What has always amazed me about the Wine project his how they have continued, unphazed, to fight was they knew from the beginning to be a losing battle (tracking an ever changing, ever growing API with no proper documentation of what the API actually does, especially wrt side-effects) all the way to something that is actually usable.
I would even venture to wager that in 20 years, the only way to run certain old Windoze binaries will on top of Wine because the proprietary mountain of crap that is the Windows commercial API offering will have fully fossilized and been dissolved by the winds of time.
It's quite an achievement of the project to be able to run such a large amount of Windows software, but if you're trying to run a particular program, it's still pretty hit or miss (then again it's increasingly hit or miss with recent Windows versions and old software, too).
It's not always Windows' or Wine's fault though, often it's blatant misuse of the API that just happened to work on some old Windows version.
FNA is an open-source clone of the Microsoft XNA game programming libraries for .NET/CLR/whatever the right scope/trademark for that platform is. I don't think it actually stands for anything.
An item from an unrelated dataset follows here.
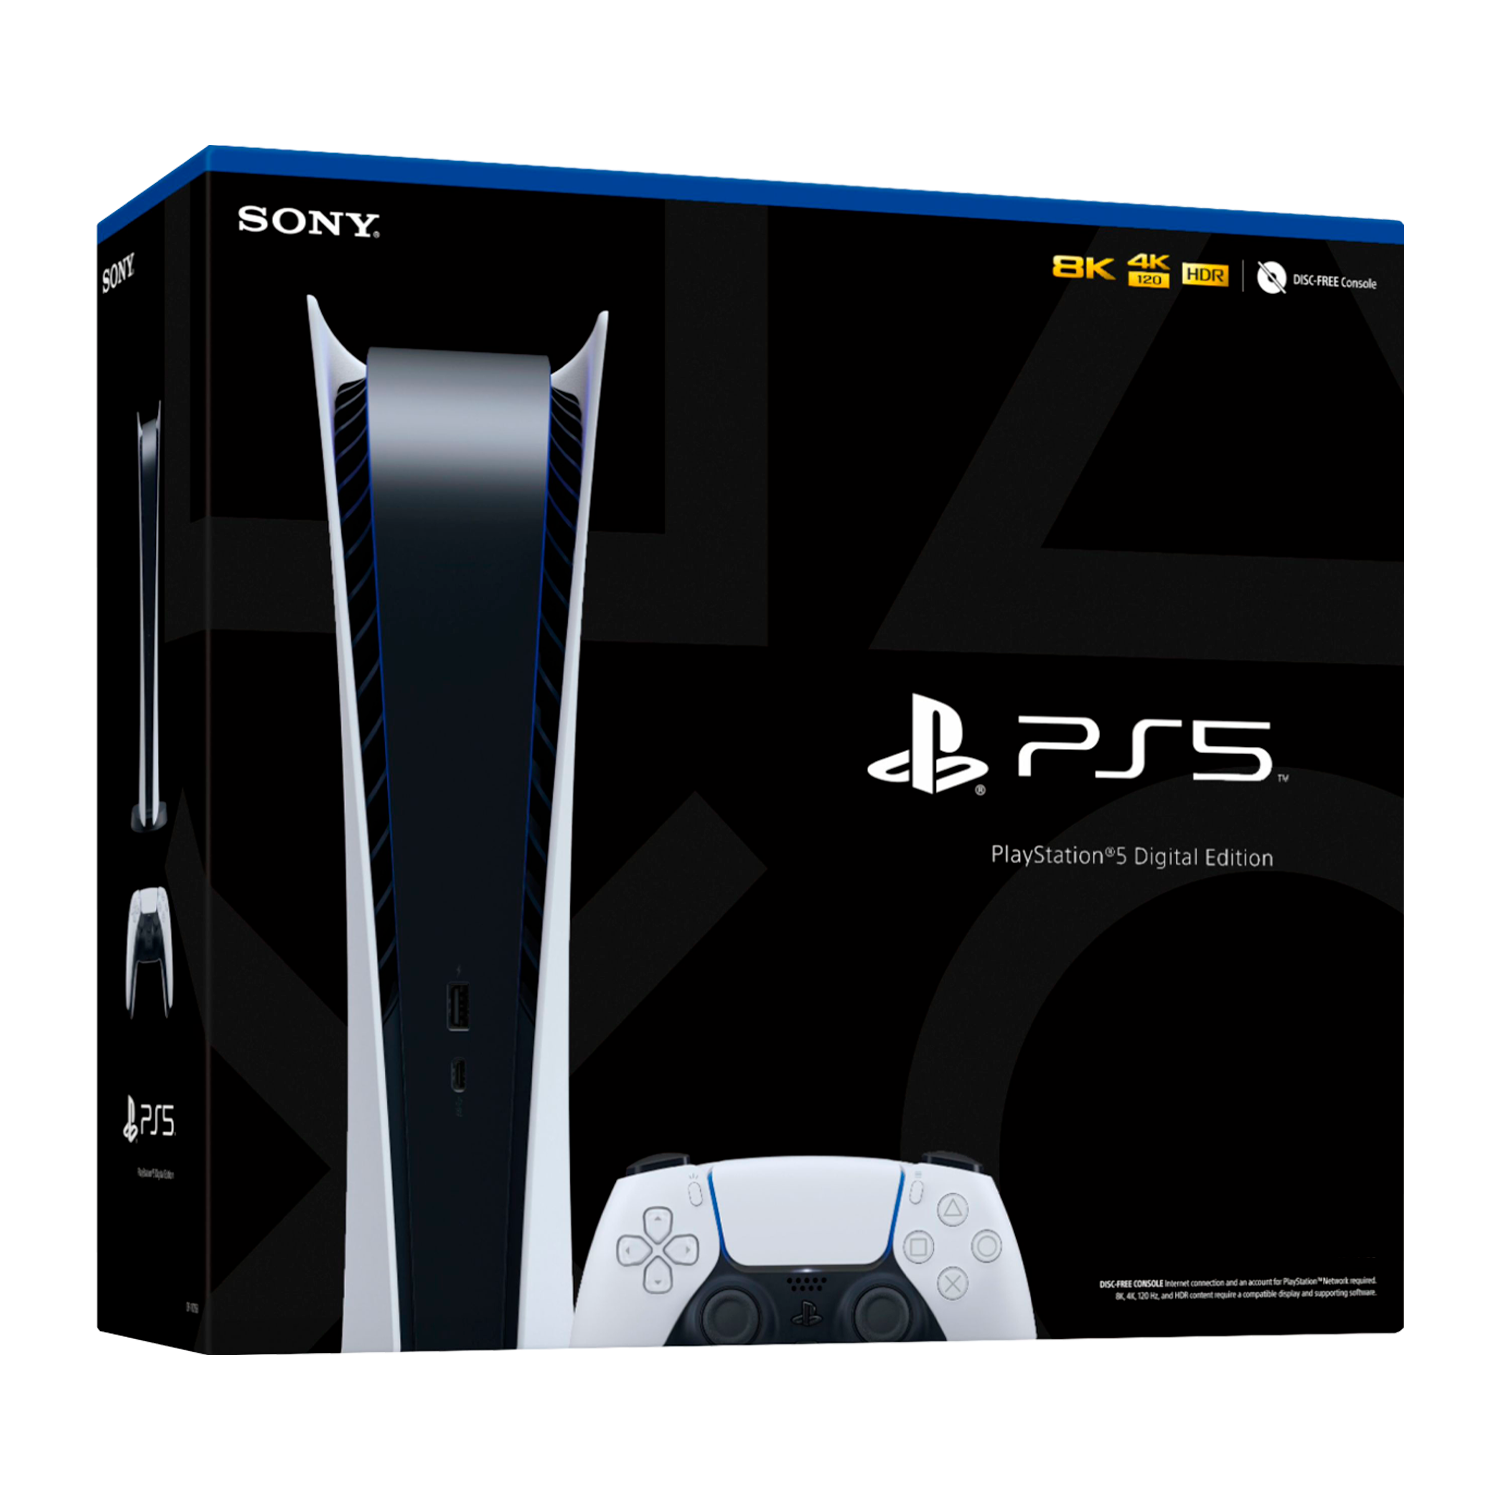 Console Sony Playstation 5 Digital Edition CFI-1100B / SSD 825GB / 110V - Branco (Japonês)
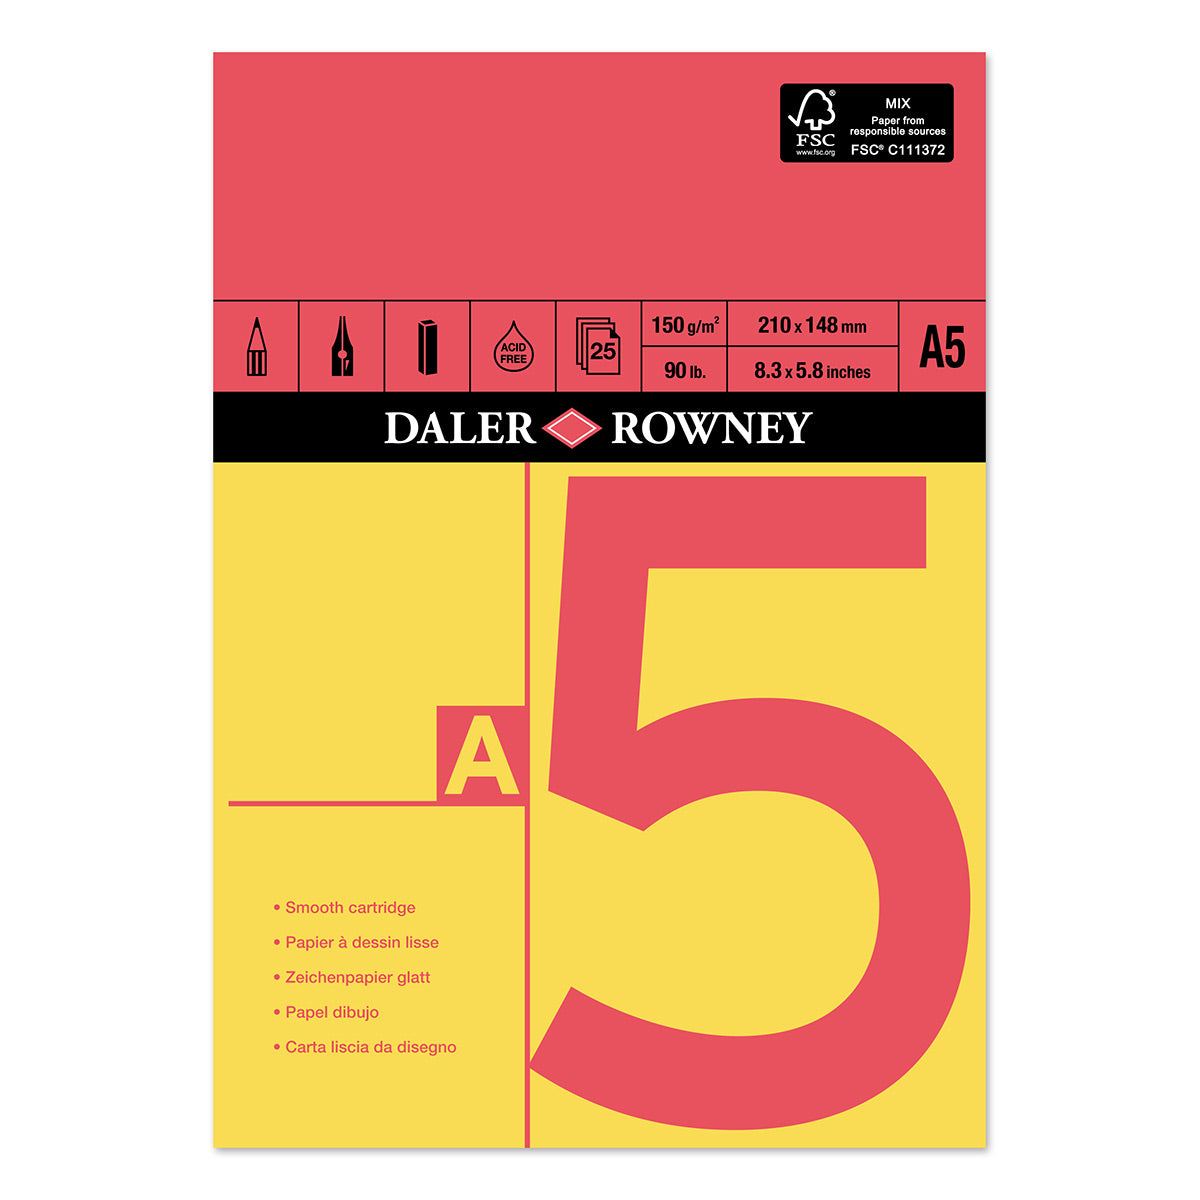 Daler Rowney - Cartouche gommée rouge et jaune - A5 - 150 g/m²

Wikipedia says that XNA stands for "XNA's not acronymed", but I think the source was joking.
Typical HN. A post about Wine with 11 comments, of which 100% are meta comments about the version number and 0% about Wine itself.
Wine is great, since it can run Age of Empires 2 in network mode without any issues (less issues than on Windows 7, actually), I can fully ditch Windows on my laptop! :)
AoE II HD or regular? Is it possible to do LAN gaming with the HD version? I thought it's only for Steam users. Also, I'm interested in figuring out how to install Chinese language packs for AoE II HD without weird font issues.
Yes, I just confirmed that Hacker News comments are often off-topic. But at least we agree that Wine is great for AoE.
To be fair, this seems a pretty incremental release. There's nothing groundbreaking that 4.20 can do that 4.19 can do and this post doesn't list any specific apps that have had major improvements in functionality.
People could discuss wine in general, but that would require new talking points to interest most people.
Indeed. Even with some versioning schemes where 4.2 would equal 4.20 I wouldn't see the point in changing the title from what the project itself used. And if I'm reading this[1] correctly, the versions look pretty straightforward (i.e. 4.1 < 4.10 etc.).
I would say that's like pretty much every project out there. I can't come up with an example which matches the other case off the top of my head. Does that make other ones the confusing ones?
Winamp used a decimal numbering scheme. Version 5.6 is followed by 5.601, then 5.62. There's also the obligatory v1.6 < v1.666 < v1.7 version numbering of Doom.
I think Windows 3.1 to 3.11 was another example of decimal version numbering, instead of calling it v3.1.1.
Blenders version is a bit confusing sometimes. Officially its release 2.80 but that is very often called 2.8 even from official channels [1]. I was a bit confused when then announced 2.8 which is the version after 2.79.
Well their scheme does leave some questions open: Does 3.00 need to come after 2.99 or can there be a 2.100? Or if its more like 2.8.x: Can ever be a x.x.10? (we are talking here more about the scheme that actual blender releases)
How I currently understand is its just 2 numbers and 2.8 is a simplification for meaning 2.8x.
I would even venture to wager that in 20 years, the only way to run certain old Windoze binaries will on top of Wine because the proprietary mountain of crap that is the Windows commercial API offering will have fully fossilized and been dissolved by the winds of time.
Kudos, I am truly in awe of this project.